**SUPPLIED DATA:**
....
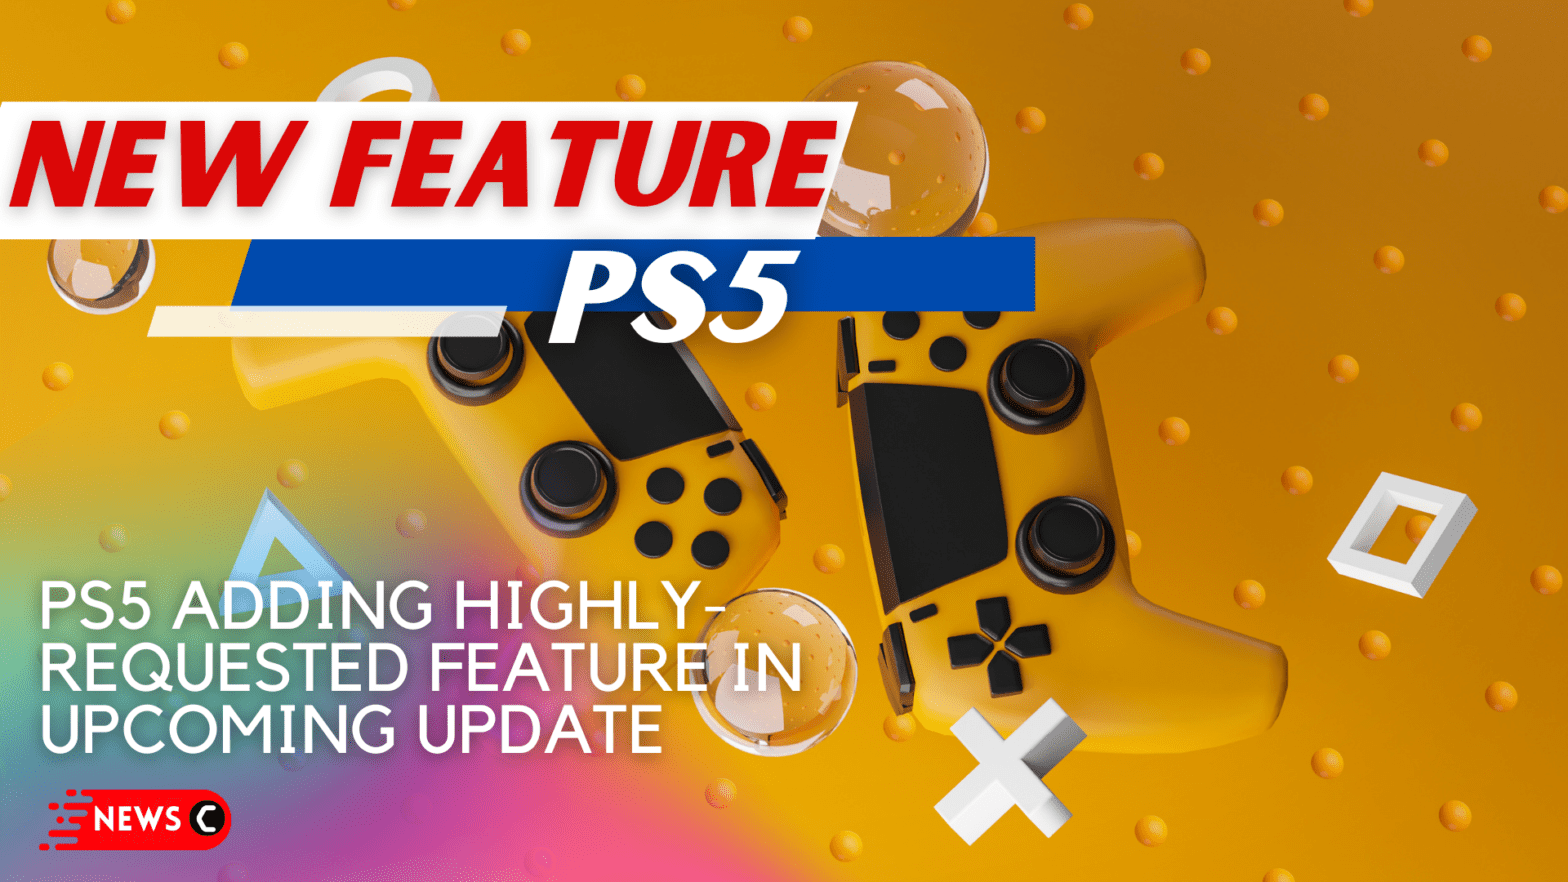 PS5 Adding Highly-Requested Feature in Upcoming Update
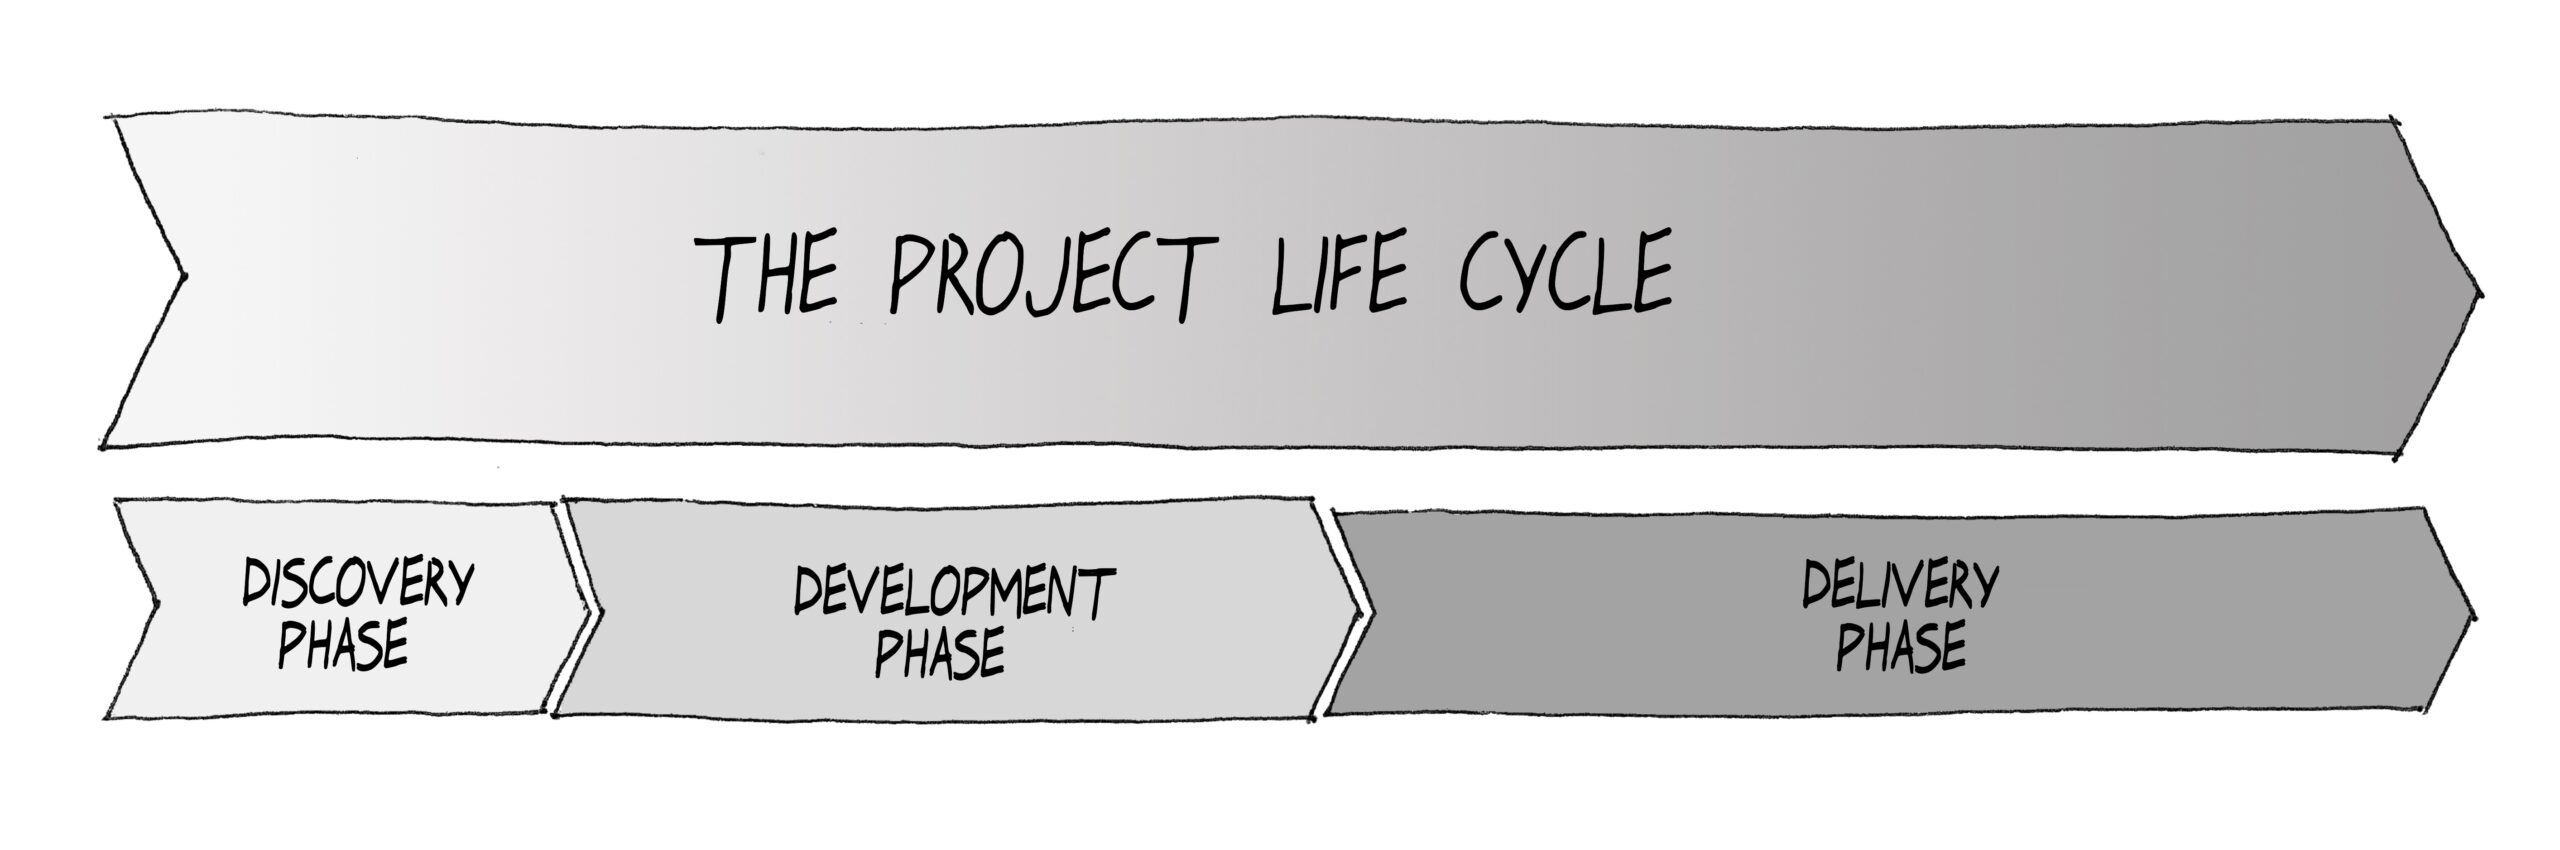 CAMMP™ project life cycle, with the three phases
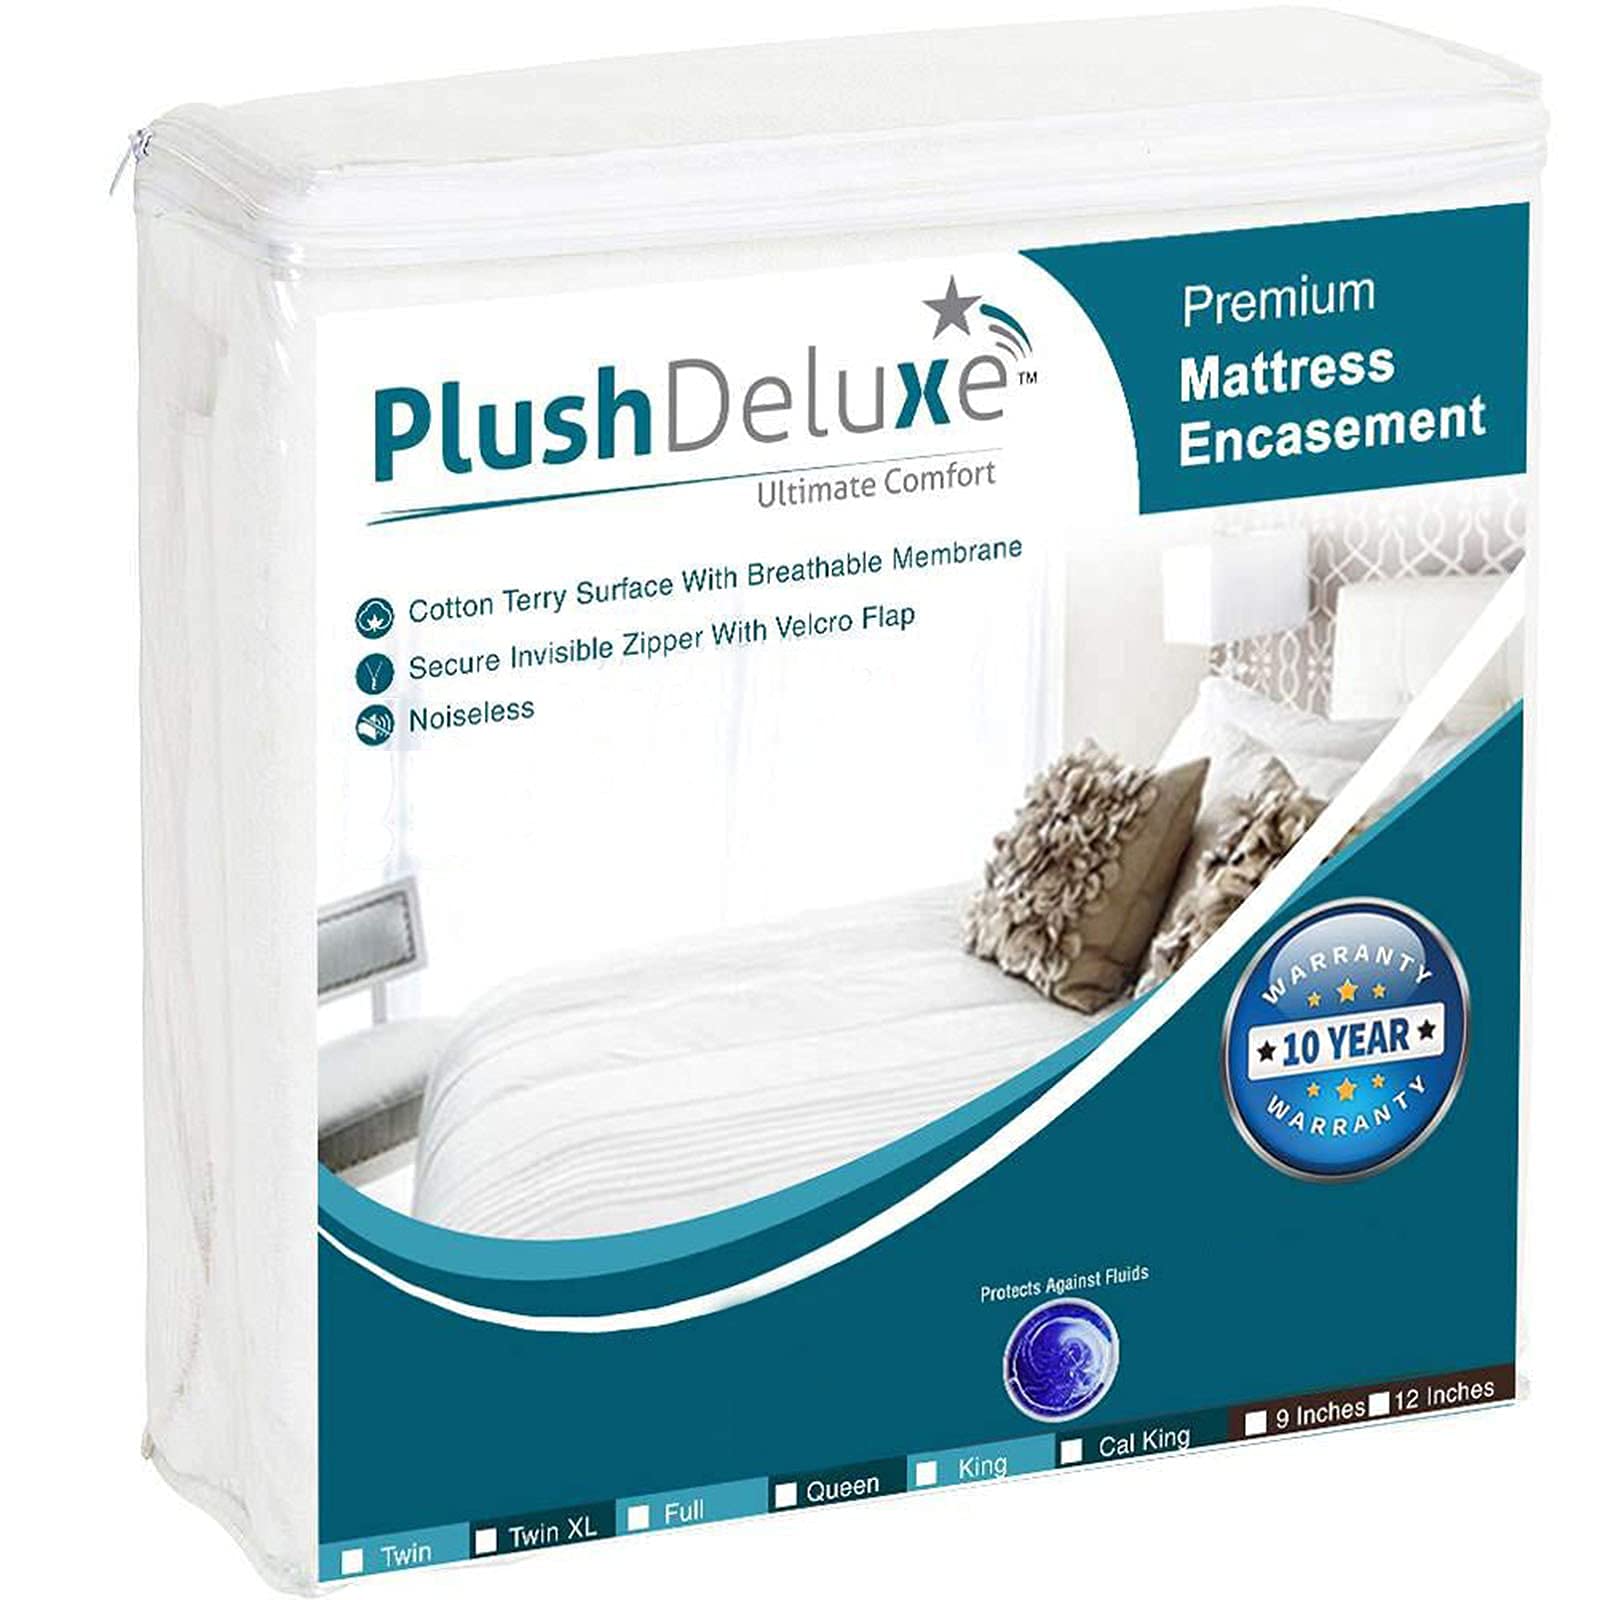 Book Cover PlushDeluxe Premium Mattress Encasement - Zippered Waterproof BedCover, 6-Sided Protection - Hypoallergenic Terry Fabric - Protects Against Dust, Critters - [12-15
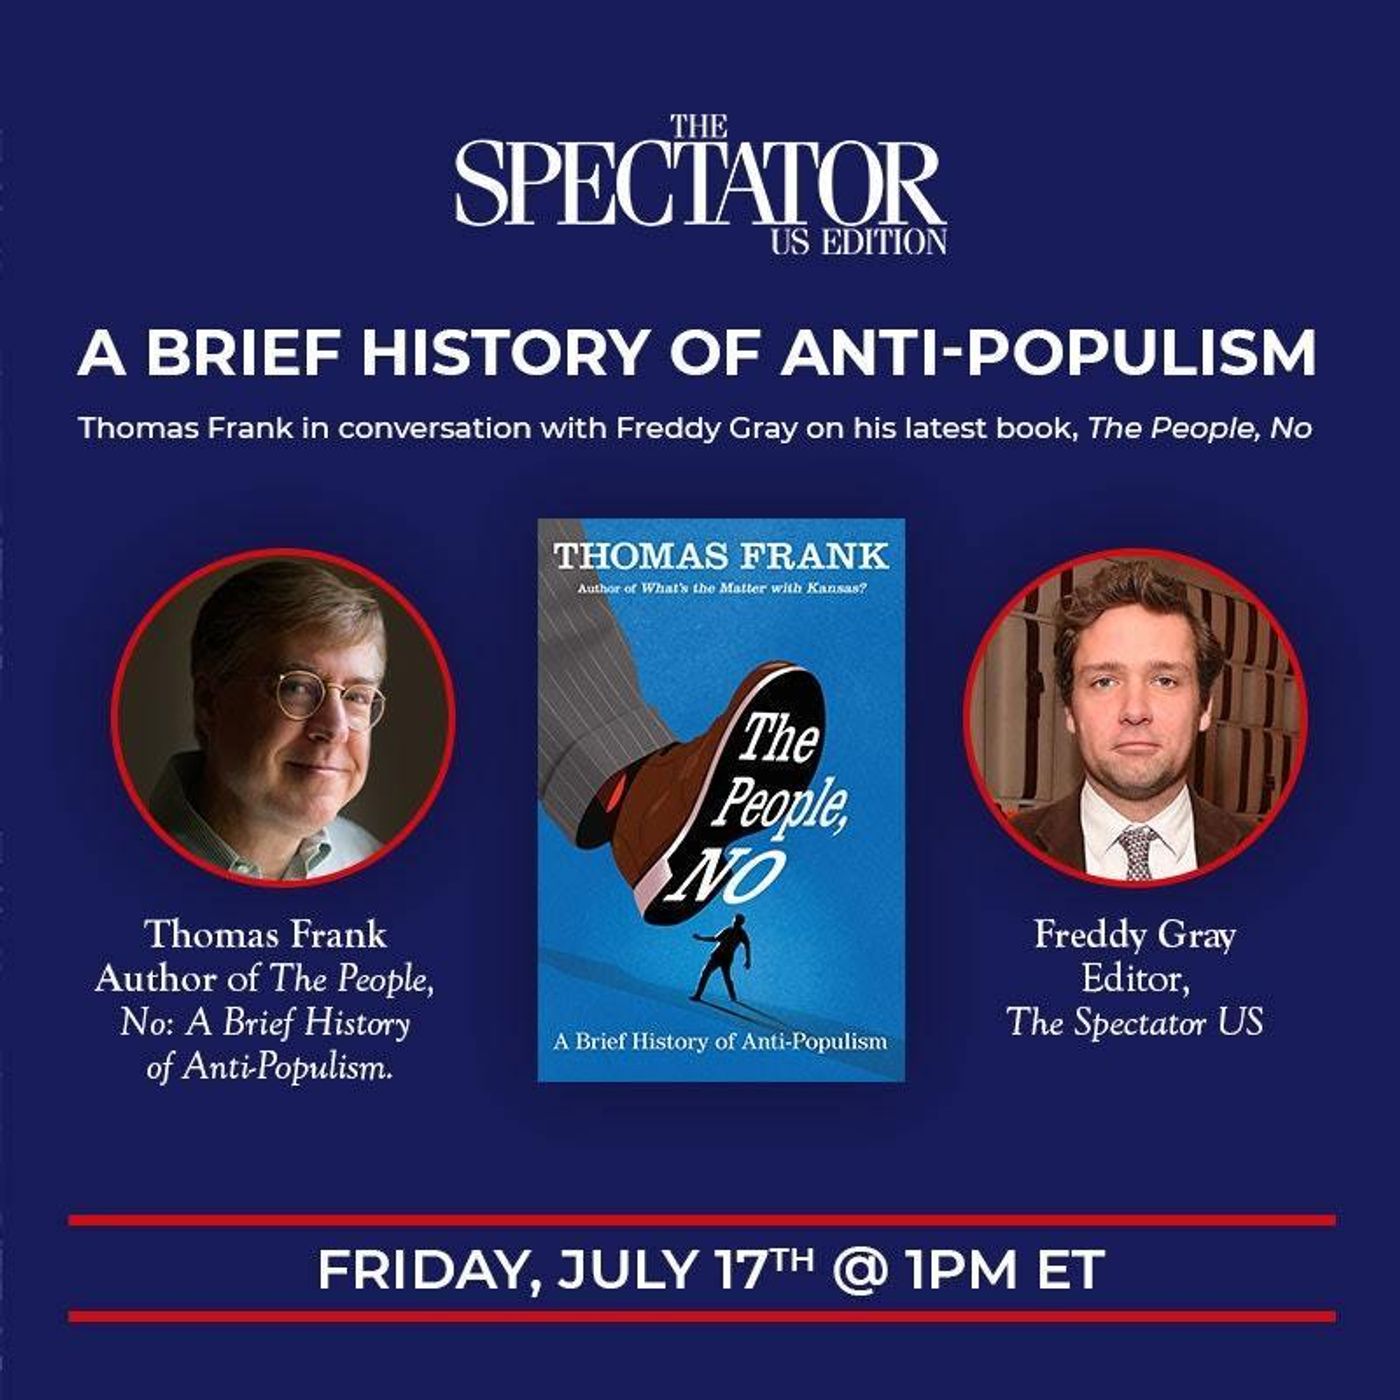 A brief history of anti-populism with Thomas Frank
....
**WHAT TO PRODUCE:** Drop the pictures and reproduce the rest of the data above exactly.

**ANSWER TO THIS PROBLEM:**
 PS5 Adding Highly-Requested Feature in Upcoming Update
 CAMMP™ project life cycle, with the three phases
 Book Cover PlushDeluxe Premium Mattress Encasement - Zippered Waterproof BedCover, 6-Sided Protection - Hypoallergenic Terry Fabric - Protects Against Dust, Critters - [12-15
 A brief history of anti-populism with Thomas Frank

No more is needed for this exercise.